Ingrams’ Apostle Supper Club transports downtown diners to Palm Springs circa 1960
Saint Paul has another option for upscale dining with the opening of the Apostle Supper Club on the ground floor of a new apartment building at Kellogg Boulevard and West Seventh Street. The 400-seat restaurant is the most ambitious undertaking to date for Brian and Sarah Ingram’s Purpose Driven Restaurants, which also owns Hope Breakfast Bar off West Seventh, the Gnome on Selby Avenue and the Apostle Supper Club atop the Radisson Hotel in Duluth.
“This is something new for the Twin Cities,” Ingram said of the Apostle and its 1960s Palm Springs supper club atmosphere.
No ordinary eatery
The Apostle’s expansive dining room is laid out with several seating arrangements, including upholstered booths big enough for small groups, counter seating overlooking the kitchen, a sunken living room with a fireplace at its center, a piano bar, and the False Eye Doll Lounge tiki bar.
The furnishings are done in colors that were popular in the 1960s, such as turquoise and coral. The windows are blacked out to help patrons forget where they are, Ingram said. Come spring, an outdoor patio is planned with another 400 seats for diners.
Entrees from $40-$14
Ingram is excited to be offering the kind of food he formerly prepared as a chef at major restaurants in New York and Chicago. Many of the menu items come in large portions that are intended for sharing. Among the entrées in the $40 price range are the Tomahawk pork chop, the halibut with white wine butter sauce and caviar, the Manhattan strip steak, and the chicken-fried lobster.
A menu more suited to the budget-conscious is available in the tiki bar. It includes Hawaiian chicken salad, fried Spam tacos and a chili dog, all for under $14. Some retro items are available, including shrimp cocktails and ice cream cakes. Ingram also plans to introduce special chef dinners on Tuesday nights, featuring the creations of out-of-town chefs on occasion.
The Apostle boasts a comprehensive list of contemporary cocktails along with such classics as the grasshopper, the brandy alexander and the old-fashioned. The tiki bar has a variety of tropical-themed drinks made with rum, fresh fruit juices and house-made syrups. A martini cart with all of the trimmings is wheeled up tableside for patrons who want to watch their libations being prepared to order. The restaurant also has a sizable spirit-free drink list.

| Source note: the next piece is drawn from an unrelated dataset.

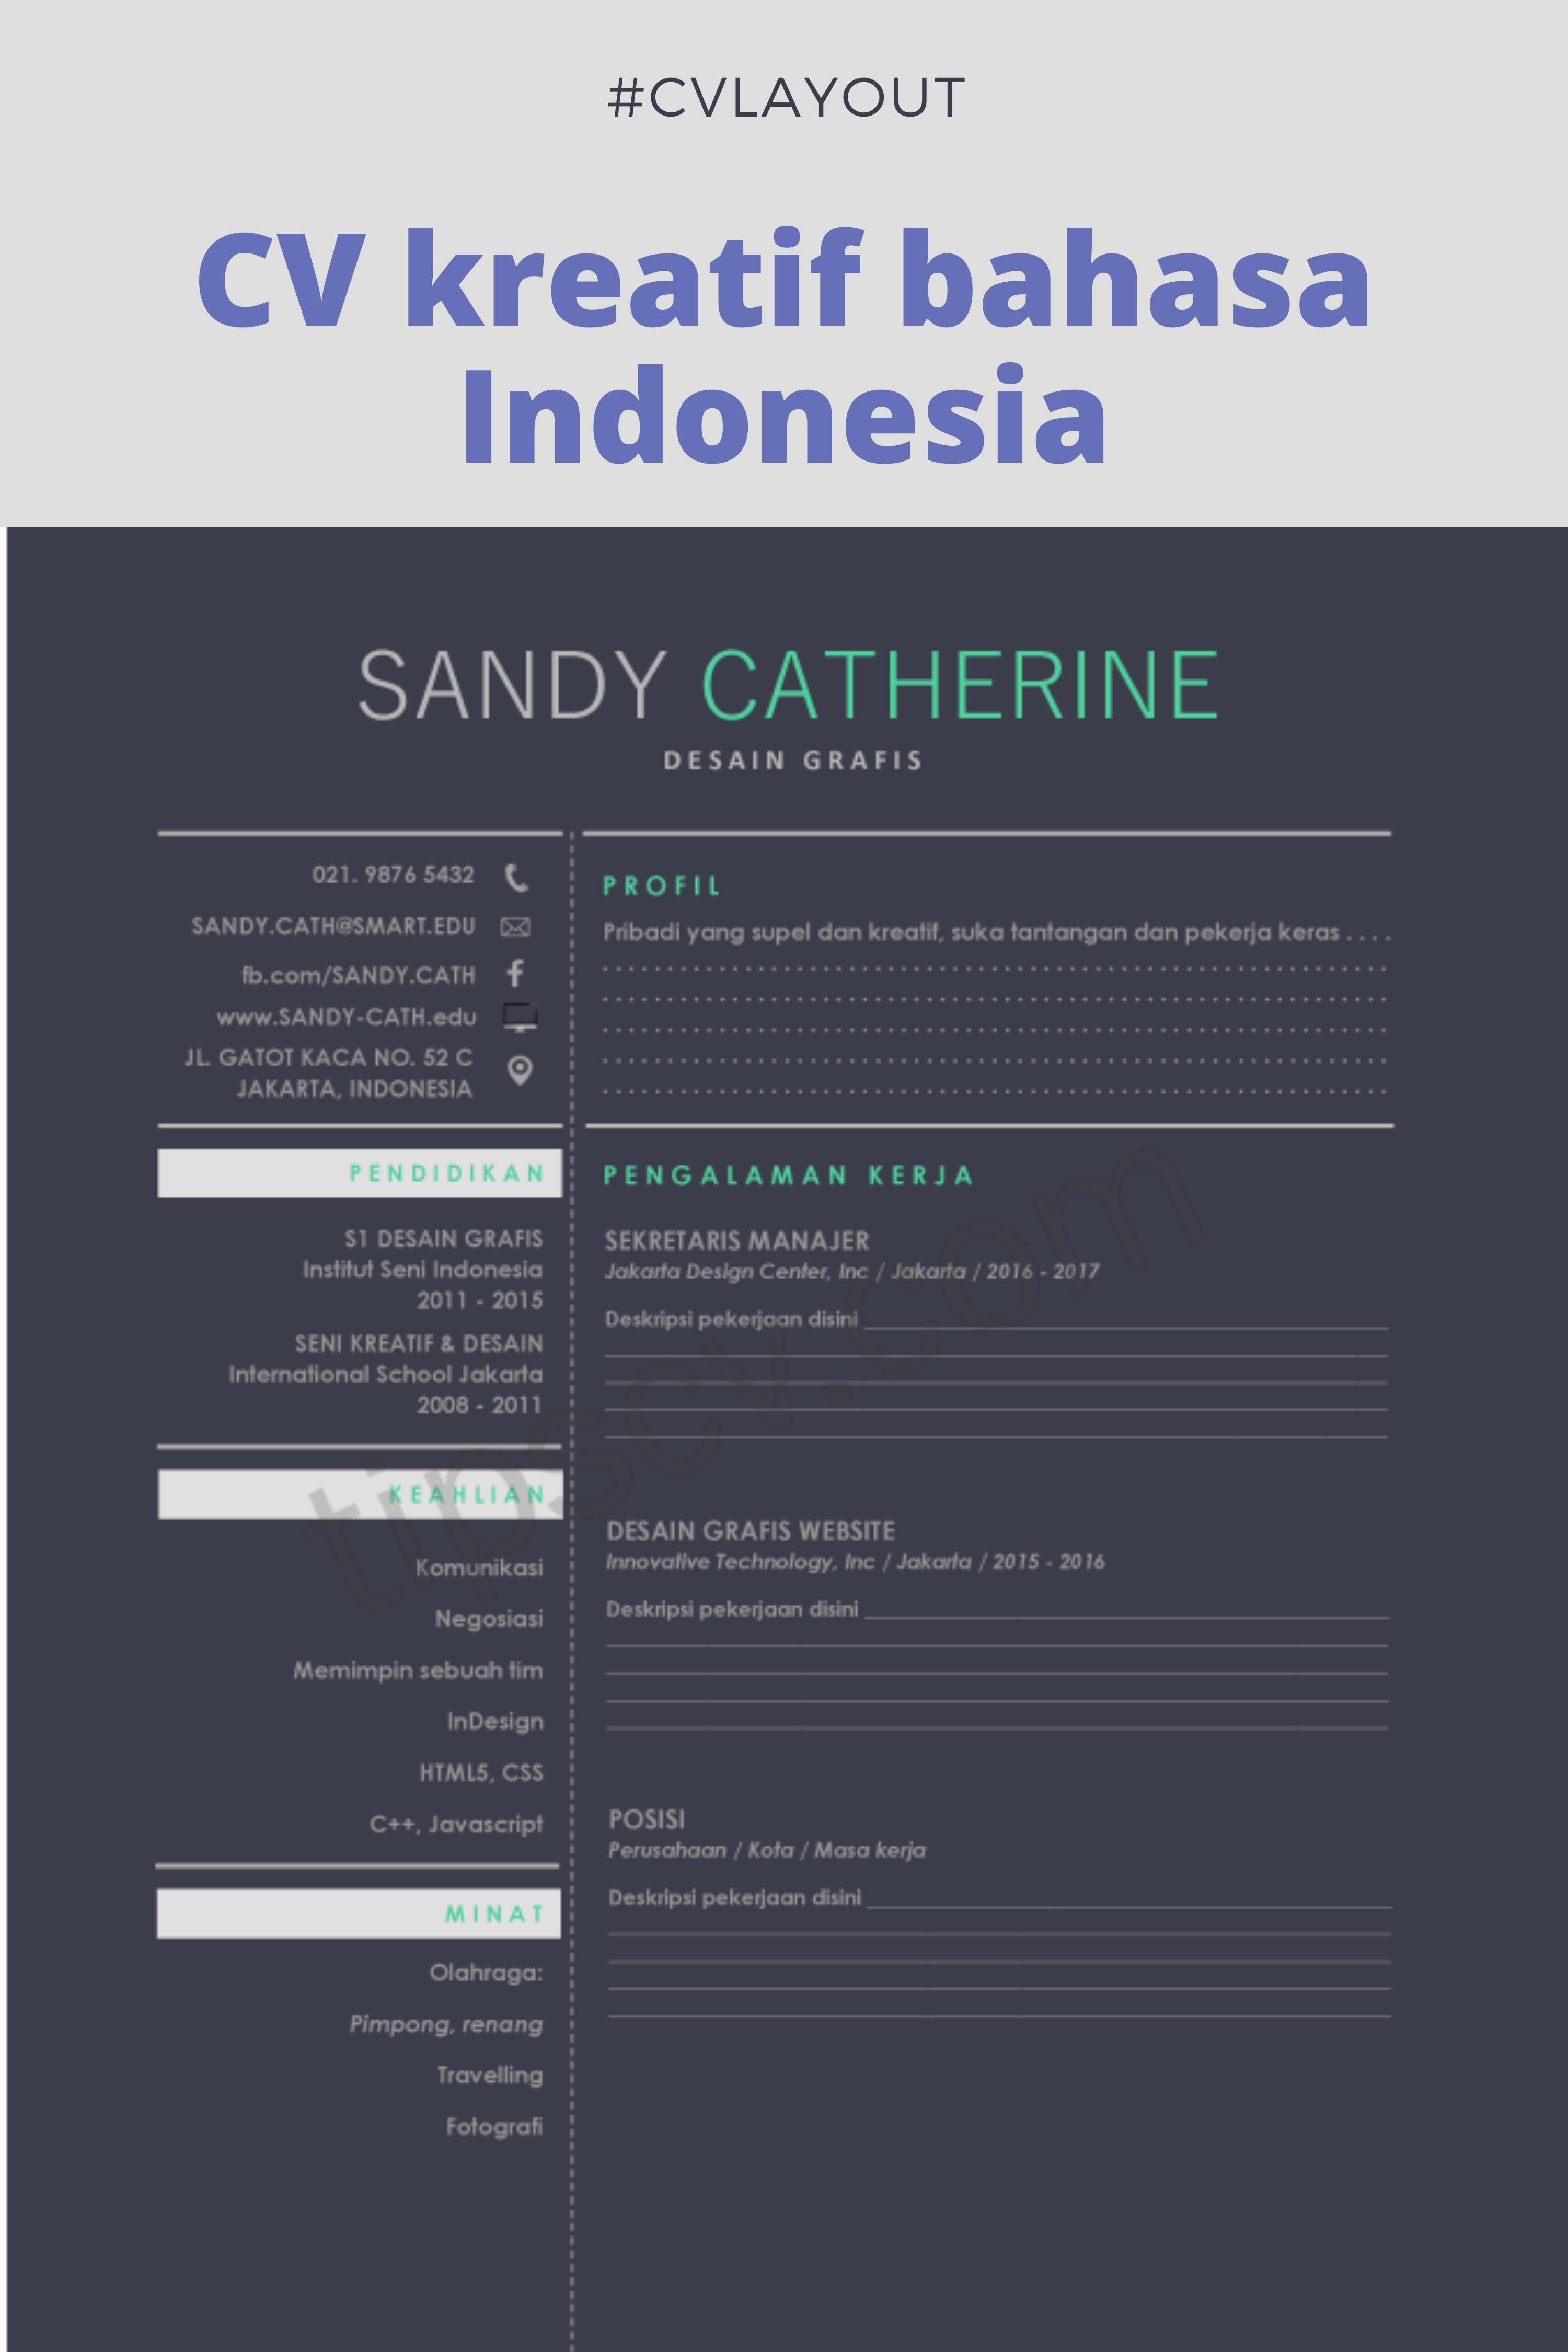 Contoh CV Kreatif Bahasa Indonesia Doc Pdf di 2020 Cv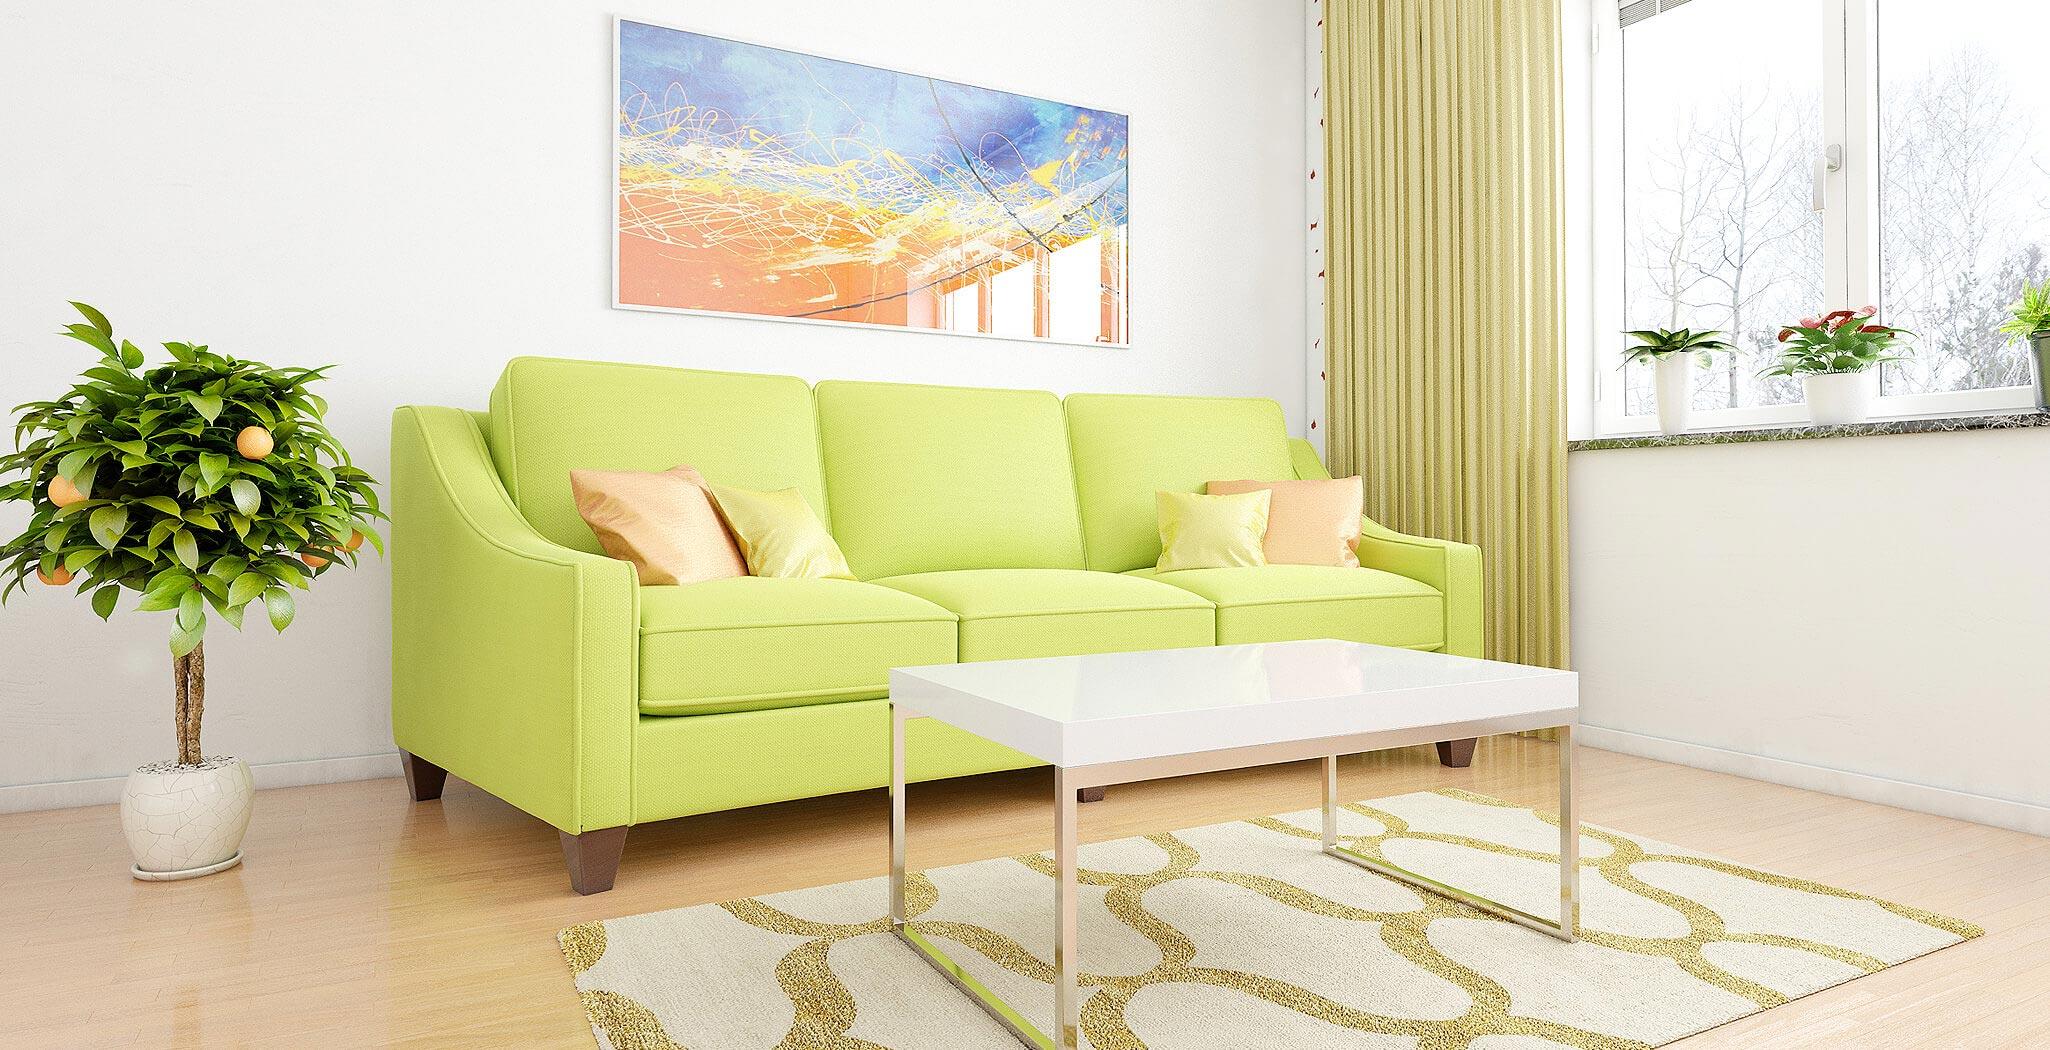 sanda sofa furniture gallery 3

Downtown welcomes the Apostle
The Apostle has been welcomed by downtown restaurateurs and tourism officials. “We’re super-excited for Brian and his team,” said Joe Spencer, president of the Saint Paul Downtown Alliance. “It’s cool because it’s a brand new addition created from scratch.”
Jaimee Hendrikson of the Visit Saint Paul convention and visitors bureau predicted the Apostle will attract its share of patrons who come downtown for Minnesota Wild games or concerts and plays at the Xcel Energy Center, the Ordway, Park Square and History theaters and other venues.
“Brian (Ingram) has been very successful,” said Richard Dobransky, president of Morrissey Hospitality, which manages the Saint Paul Hotel and Saint Paul Grill and Momento restaurants. “If he can bring more people downtown, let’s do it. It’s great to have another option for upscale dining.”
Business is picking up
The workforce in downtown Saint Paul has yet to return to its prepandemic levels. However, Momento has been doing pretty good dinner business, Dobransky said. The casual restaurant, which is in the space formerly occupied by Pazzaluna, plans to add breakfast in January, he said.
Business has also been picking up at Noyes & Cutler, the upscale restaurant that opened in July in the former Public Bar & Kitchen space near Mears Park, according to general manager Jorge Robertson.
Although Noyes & Cutler specializes in steak and other high-end items, Robertson does not call it fine dining but rather “polished casual.” It plans to begin serving lunch soon, Robertson said, and then to reopen the Green Lantern nightclub on the lower level with live music, stand-up comedy and open-mic nights.